Choisir un point de vue narratif interne pour écrire son roman

Comment choisir un point de vue narratif pour écrire son roman ? Voici un compte-rendu d’expérience et de recherches à propos des points de vue narratifs internes. J’ai quelque peu encensé le point de vue omniscient la semaine dernière. Je vais faire preuve de plus d’objectivité, cette fois-ci.

Petite définition

Si le point de vue narratif d’une histoire est interne, le narrateur fait partie de l’histoire. Elle est racontée à travers les yeux d’un personnage de l’histoire, parfois plusieurs.

Couramment, on rencontre les 3 procédés suivants dans les romans :

  1. un narrateur avec l’emploi de « il » ou « elle »
  2. un narrateur avec l’emploi de « je »
  3. plusieurs narrateurs à la troisième personne du singulier

Bien sûr, les auteurs de romans font toutes sortes d’autres choix, par exemple le point de vue omniscient et, pour certaines parties de l’histoire, un point de vue interne à la première personne (exemple de roman utilisant cette alternance).

Généralement, la « voix interne qui raconte », que ce soit « je » ou « il/elle », est celle du personnage central de l’histoire, celui qui a le plus d’impact sur l’avancement de l’histoire et qu’on peut souvent appeler le « héros » (ou l’héroïne). Si ce n’est pas lui ou elle, c’est un personnage qui, forcément, détient suffisamment d’informations pour raconter.

Quand il y a alternance de plusieurs points de vue internes, selon les scènes ou les chapitres (procédé le plus courant pour passer d’un personnage/point de vue à l’autre), il s’agit des personnages les plus importants. Toutefois, des romans peuvent parfois utiliser des personnages « de moindre importance » pour la narration d’un point de vue interne.

Principales caractéristiques d’un point de vue narratif interne

Si vous écrivez un roman en utilisant un point de vue narratif interne, je ou il/elle, vos lecteurs devraient théoriquement :

  • se sentir proches du narrateur/personnage car ils entrent dans sa tête, dans son fonctionnement interne… ressentent ce qu’il ou elle ressent, ses joies, ses peines, ses peurs… et pas celles des autres personnages présents dans une scène.
  • mais surtout, je pense, ce qui peut créer une très grande proximité entre le lecteur et un « narrateur interne », c’est connaître les émotions et pensées du « personnage narrateur » tandis que les autres personnages présents dans une scène ne les connaissent pas (sauf bien sûr, si le personnage les exprime).
  • suivre votre histoire à travers un certain filtre, une sorte de subjectivité (même si le point de vue omniscient a sa part de subjectivité). Exemple : si le personnage est timide, il va voir le monde à travers sa sensibilité de personne timide ; vous n’écririez pas tout à fait les mêmes choses si le personnage était très sûr de lui. Autre exemple : dans certaines situations, une femme maman de trois enfants ne prête pas attention aux mêmes détails qu’un adolescent. Tout passe à travers « qui est » le personnage narrateur. Cette « subjectivité » peut être une difficulté pour un auteur, mais aussi un avantage (par ex. quand une histoire nécessite que le narrateur mente, cache des choses au lecteur, ou bien simplement quand l’auteur veut taire des informations).

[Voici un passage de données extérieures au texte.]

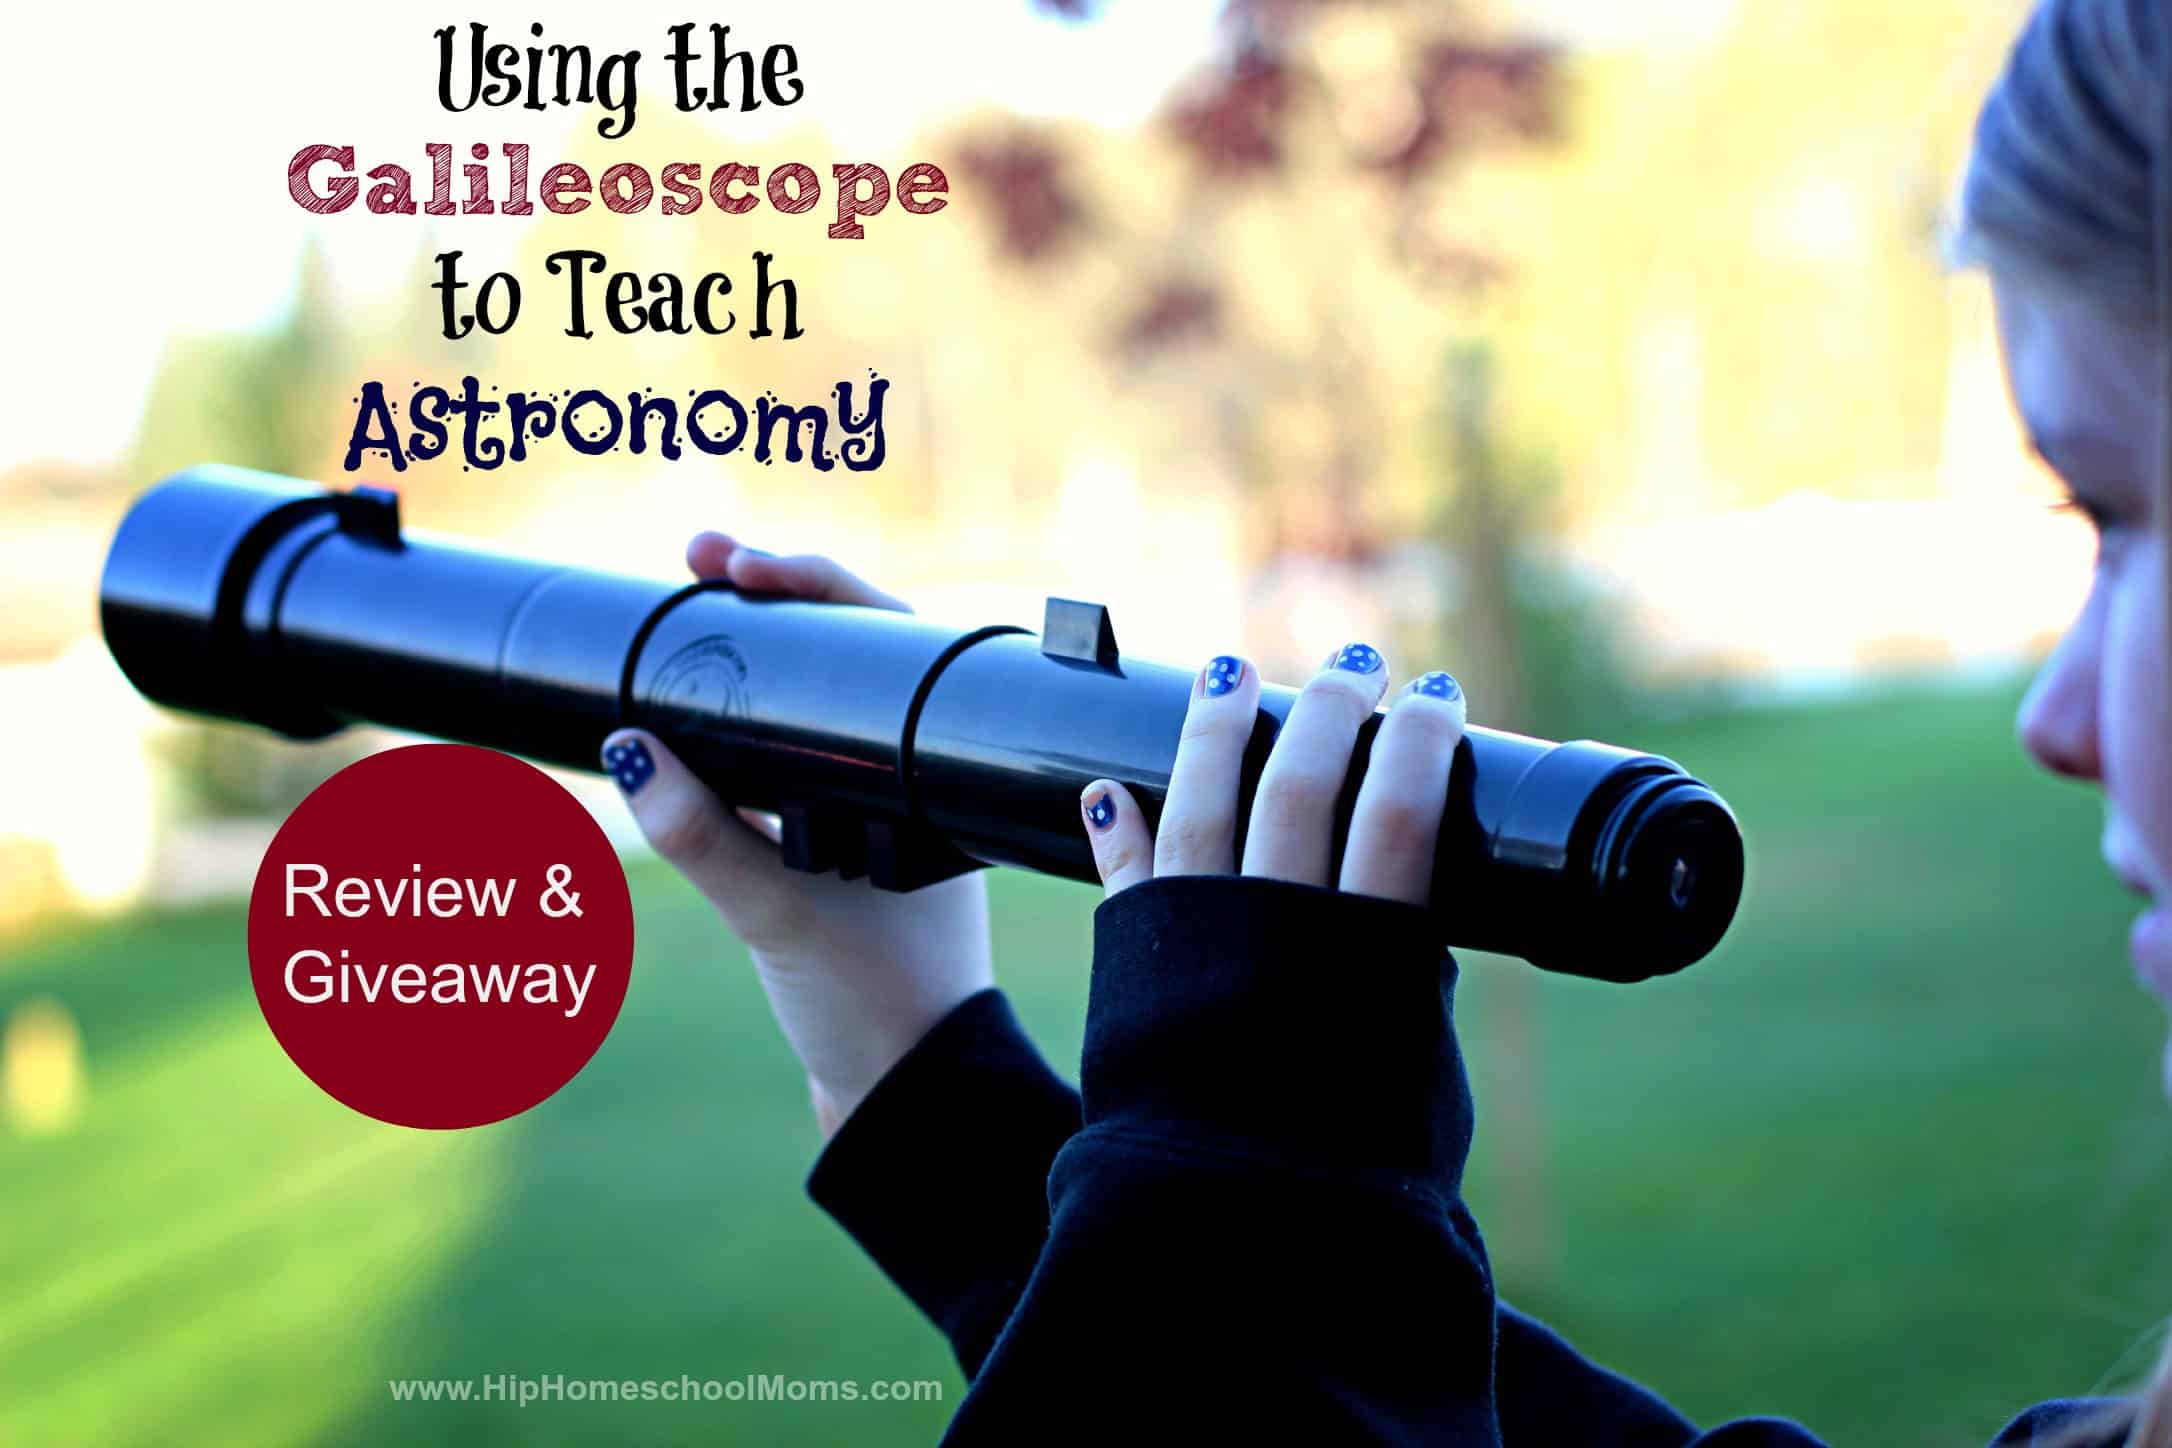 Using the Galileoscope to Teach Astronomy Review & Giveaway {closed}

Donc, ce que le personnage dont on utilise le point de vue ne sait pas, ne voit pas, n’expérimente pas, le lecteur ne peut pas non plus le savoir, le voir, l’expérimenter. C’est la principale difficulté à utiliser un point de vue narratif interne ; c’est juste impossible pour certaines histoires.

Mais cette difficulté peut être surmontée avec une solide préparation à l’écriture.

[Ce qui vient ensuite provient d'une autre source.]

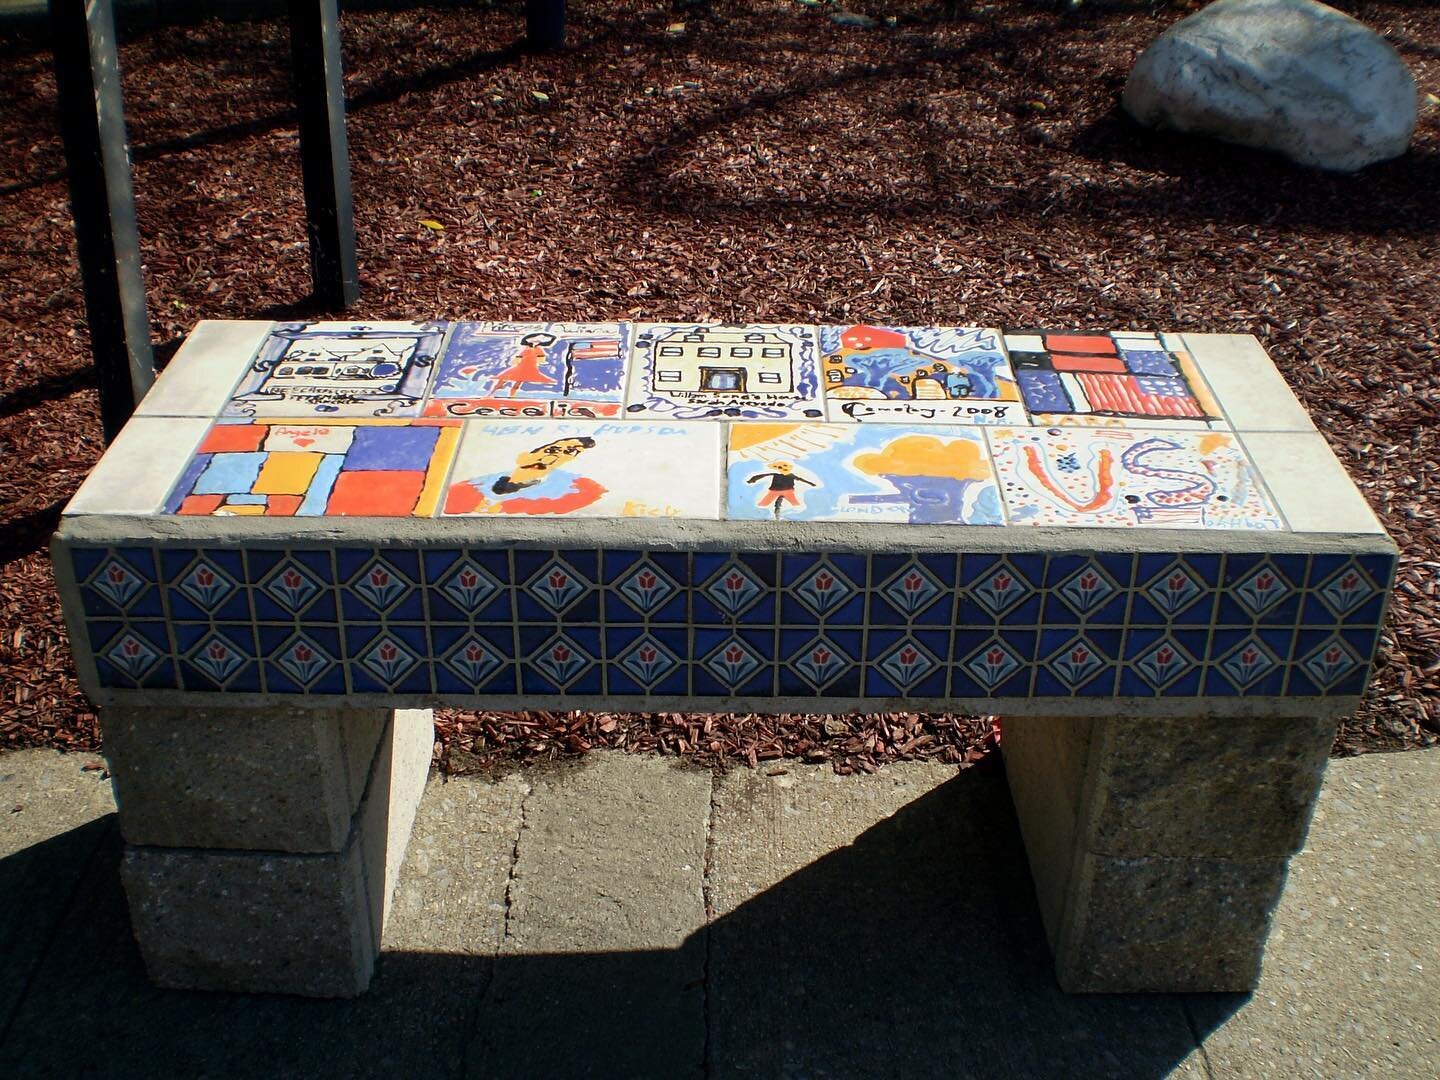 We just updated our Sculpture Walk page to include information on the tiled benches seen around #Peekskill - map in our profile link

Une minutieuse structuration du récit (et encore plus minutieuse s’il y a une alternance de points de vue internes…) permet d’éviter d’être trop souvent bloqué pendant la phase d’écriture du premier brouillon (ou se retrouver avec de nombreuses pages à réécrire) parce que le personnage narrateur n’est pas au courant de tout…

Point de vue narratif interne à la troisième personne

Voici un exemple de point de vue narratif interne à la troisième personne, avec un extrait du roman Le Passeur de Lois Lowry (c’est le début du roman) :

« On était presque en décembre et Jonas commençait à avoir peur. Non, ce n’est pas le bon mot, pensa Jonas. La peur, c’était ce sentiment de nausée profonde quand on pressentait que quelque chose de terrible allait arriver. C’est ce qu’il avait ressenti un an auparavant lorsqu’un avion non identifié avait survolé la communauté à deux reprises. Il l’avait vu les deux fois. Jetant un coup d’œil vers le ciel, il avait vu passer l’appareil effilé – et une seconde après il avait entendu la déflagration qui avait suivi. Et puis de nouveau le même avion, un instant plus tard, mais dans l’autre sens.

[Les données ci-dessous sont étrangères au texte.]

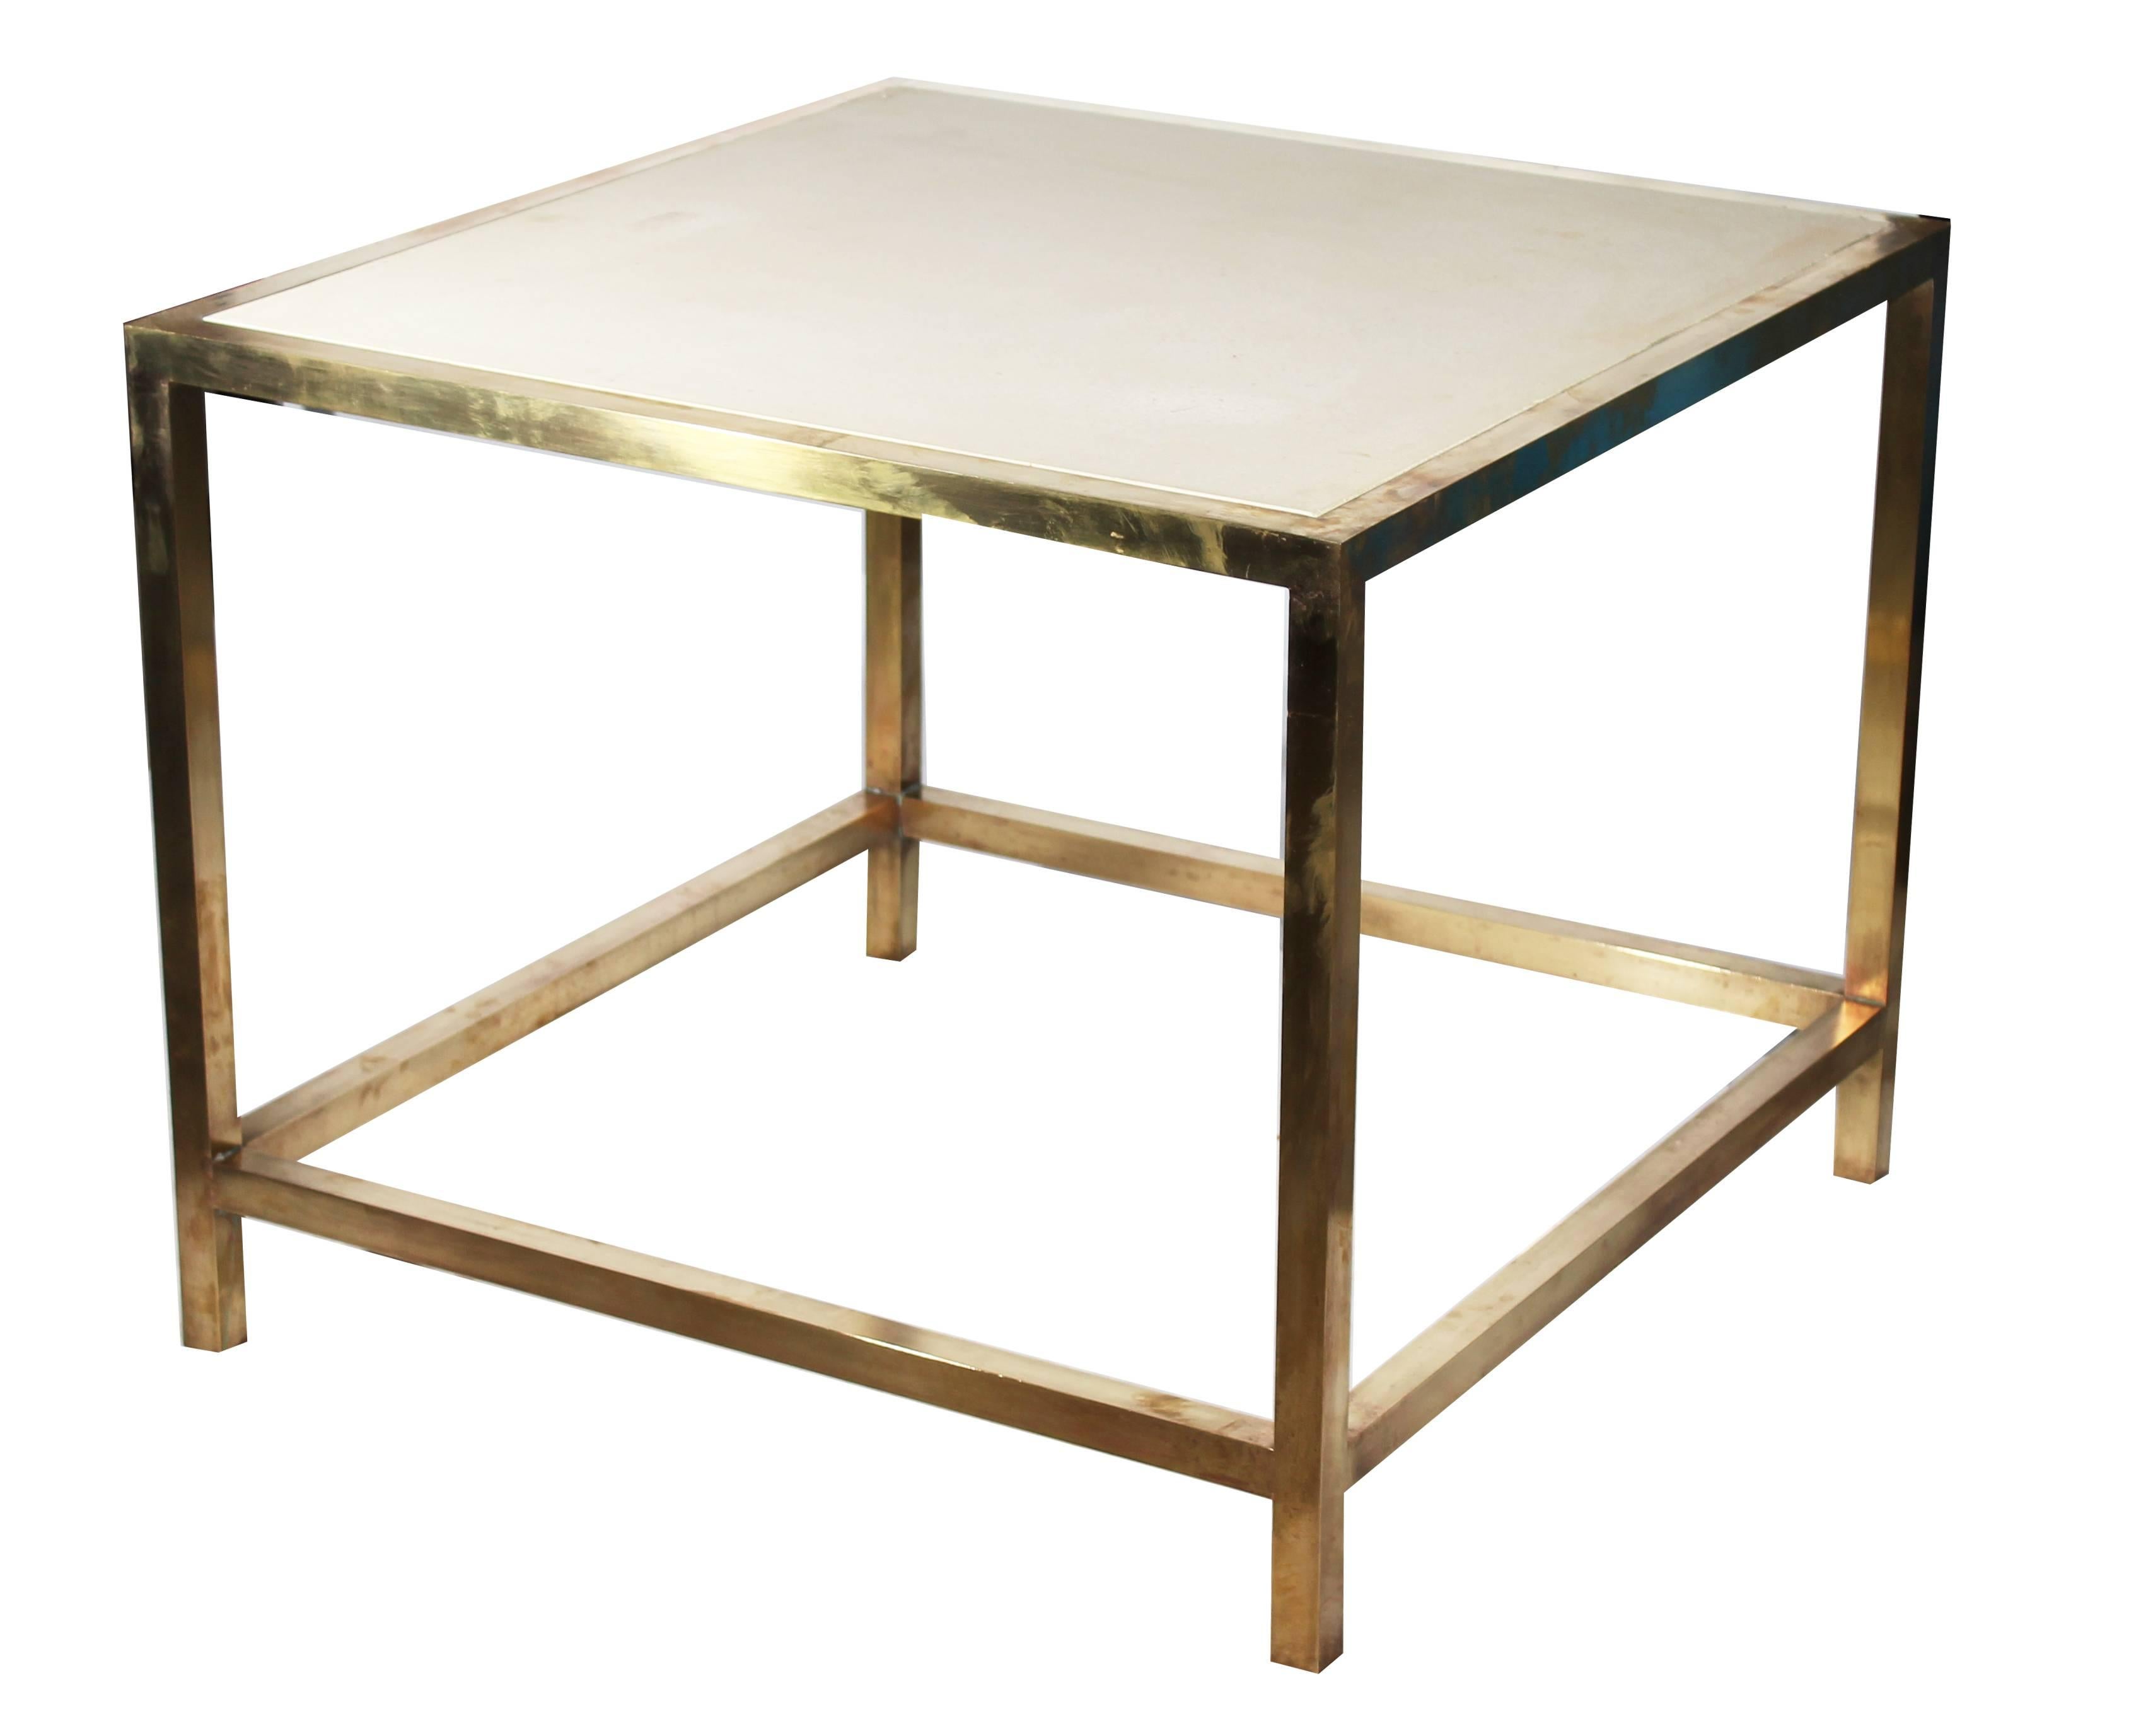 1980s gilded brass straight lined Italian design side table with white natural stone top.

Au début, il avait été fasciné. Il n’avait jamais vu d’avion de si près car le règlement interdisait aux pilotes de survoler la communauté. De temps en temps, quand un avion de marchandises venait se poser sur la piste d’atterrissage de l’autre côté de la rivière, les enfants prenaient leur vélo et aller sur la berge assister, intrigués, au déchargement puis au décollage, qui se faisait toujours vers l’ouest, à l’opposé de la communauté.

Mais l’avion de l’an dernier était différent. »

Dans ce roman, Jonas est le principal protagoniste, le « héros ». Et tout est raconté depuis son point de vue. Si Jonas n’allait pas jouer près de la rivière, l’auteur n’aurait pas pu parler de ça. Si Jonas n’avait pas eu la curiosité d’observer les avions, il n’aurait peut-être pas remarqué de différence. Etc.

Pour moi, un des premiers avantages à noter, c’est que contrairement au point de vue omniscient (et aussi aux histoires qui alternent les points de vue internes) : il n’y a aucune méprise possible quant à quel personnage le lecteur est en train de « suivre ». Ça peut arriver dans certains romans : tout à coup, on ne sait plus trop quel personnage est concerné par ce qui est dit, qui a vu quoi, sur qui nous sommes focalisés…

Avec un seul point de vue narratif interne, les choses sont claires.

Une grande force de ce point de vue narratif, à mon avis, c’est qu’il oblige l’auteur à montrer les choses. J’en ai parlé en traitant du point de vue omniscient. Il y a des choses possibles avec n’importe quel point de vue, et d’autres pas.

Par exemple :

  • Le point de vue narratif interne d’une histoire est celui de Paul. Un autre personnage, appelé Pierre, est sympathique. Vous pouvez écrire « Pierre respirait la sympathie ». C’est ce que pense Paul. Ok.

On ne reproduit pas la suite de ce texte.